# Invert Syrup



## colinw (9/8/05)

A friend who owns a commercial bakery gave me a bucket of commercial Invert Syrup.

Anyone know the extract potential of this stuff so I can calculate its contribution to my OG?

cheers,
Colin


----------



## Kai (9/8/05)

A commercial bucket of invert syrup should (hopefully) have the DE (dextrose equivalent) printed on the side. I'm not 100% how it works, but I think the DE is a measure of %w/w. You might be able to base the extract potential on that.


----------



## colinw (9/8/05)

Kai said:


> A commercial bucket of invert syrup should (hopefully) have the DE (dextrose equivalent) printed on the side. I'm not 100% how it works, but I think the DE is a measure of %w/w. You might be able to base the extract potential on that.
> [post="70915"][/post]​


Alas, it is unmarked.
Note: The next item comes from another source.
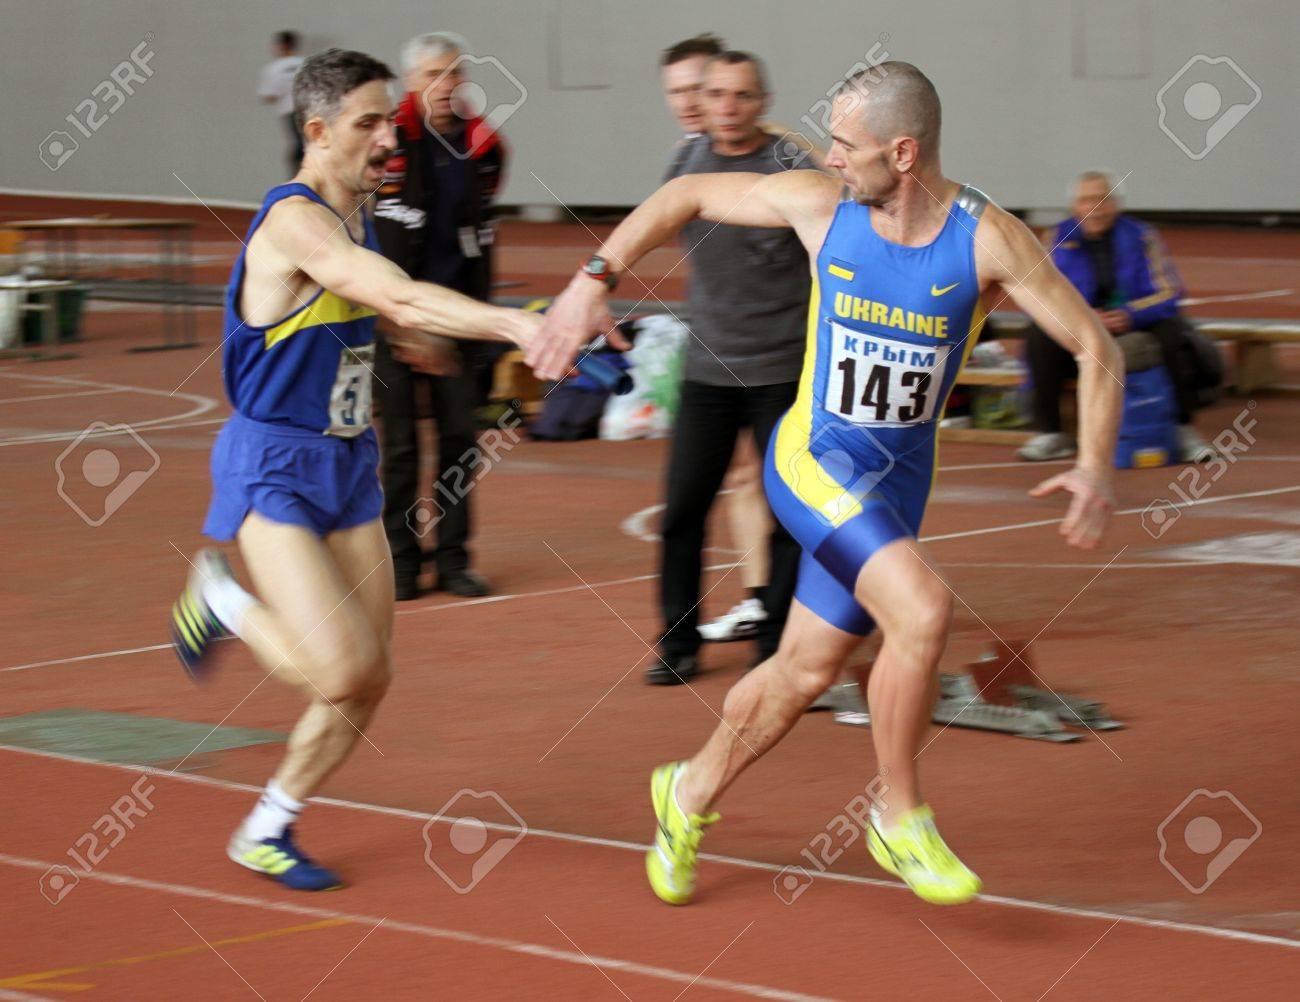 Unidentified men at the relay race on Ukrainian Veteran Track   Field Championships on March 03, 2012 in Kiev, Ukraine  Stock Photo - 12662751

I think he transferred it into another container.


----------



## wessmith (9/8/05)

Kai, go with the same index as sugar

Wes


----------



## AndrewQLD (9/8/05)

> colinw Posted Today, 05:14 PM
> A friend who owns a commercial bakery gave me a bucket of commercial Invert Syrup.
> 
> Anyone know the extract potential of this stuff so I can calculate its contribution to my OG?
> ...


Invert sugar has a yield potential of 1.046 as Wes pointed out, the same as normal sugar.

cheers
Andrew


----------